Carta che muggisce, carta che ruggisce, che squittisce. Carta che grugnisce, poi nitrisce. Che ulula e che trimbula, che tubula, persino. Carta che miagola ed abbaia, fino alla vecchiaia. Quanti anni a ripiegarla e colorarla ed incollarla e così via… È un viaggio continuo pieno di scoperte, che si concretizzano nelle infinite forme della splendida Natura. Vista non soltanto, chiara e limpida per ciò che davvero rappresenta, ma reinterpretata dalla mano degli artisti, che sono assai distratti e molto spesso inventano, cambiano le regole del gioco. Così è rana l’origami, d’astrazione giapponese, geometrico ed impressionista per quanto sia possibile pur mantenendo il senso ultimo dell’animale. A definirlo è in fondo il gesto, di saltare, grazie a un piccolo colpetto che vien dato sul di dietro, se ti va. Ma è rana pure quella disegnata, con tutti i bitorzoli nei punti giusti, verde o rossa e nera, così lucida che viene da leccarla. Ed è rana soprattutto, più delle altre addirittura, quella tridimensionale, ricavata dalla carta! E come lei, l’uccello.
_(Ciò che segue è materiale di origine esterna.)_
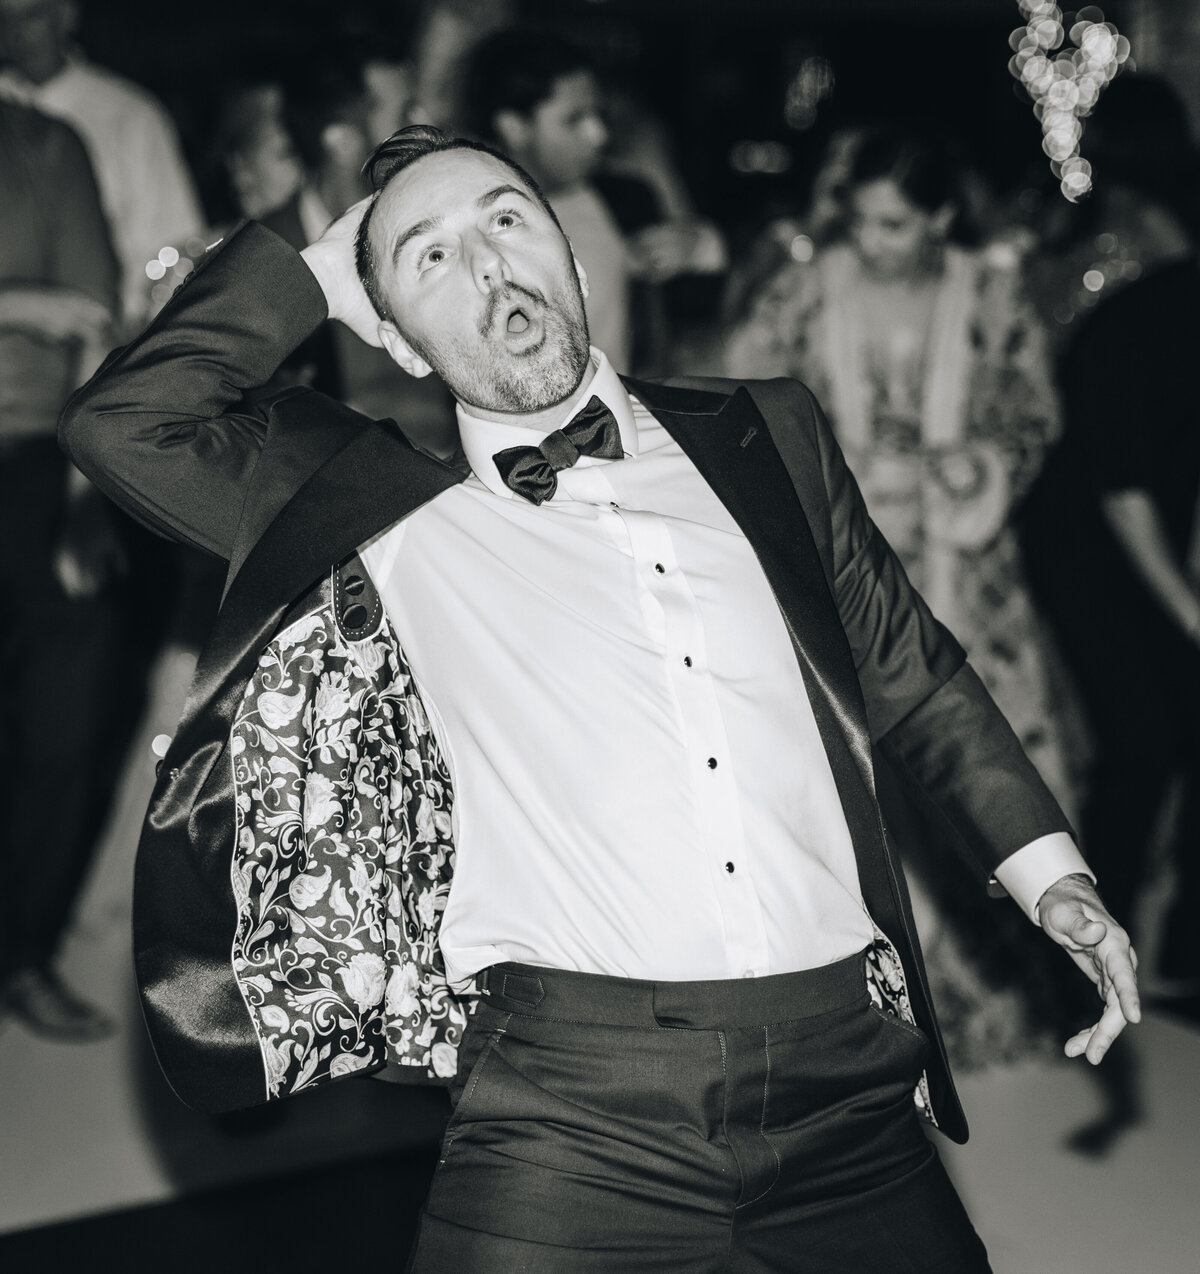 TONY + REKHA Ashville Wedding Day 2 - RECEPTION- after dinner party hThe Groom having the best time of his life

Johan Scherft, artista olandese, percorre dalla metà degli anni ’90 due sentieri paralleli: la pittura della tradizione e quella dei pepakura, le figurine da intagliare, ripiegare ed incollare poco a poco, finché possa emergere, da tanto minuzioso sferruzzare, l’oggetto designato dal pensiero. Che pure se in effetti è inanimato, qualche volta sembra cosa quasi viva, pronta per saltare giù dal trespolo e venirti a far pio-pio. Il suo qui presente cardellino marrone, rosso e bianco, se lo guardi da lontano oppure come stiamo facendo noi, attraverso la lente a bassa risoluzione di un video di You-Tube, può trarre in inganno. Così messo su di un bastoncino, con le ali maestosamente aperte, tanto dettagliate nel profilo di ciascuna penna, non suscita l’ombra del minimo dubbio: questo piccolo animale ha ricevuto l’incantesimo dell’immobilizzazione. Oppure, è impagliato? Possibile, che sia tanto leggiadro, addirittura nel trapasso…Cos’è in fondo l’apparenza, se non una metafora impossibile da superare. Finché non tocchi ed anche allora, una creazione come questa suscita un potente sentimento. Perché è diafana, leggera. Il vento ne farebbe foglia da portare via; quando invece, quello vero di uccellino, quella forza la incanala e sfrutta per trovare la sua via. Poi se torna, prima vola via.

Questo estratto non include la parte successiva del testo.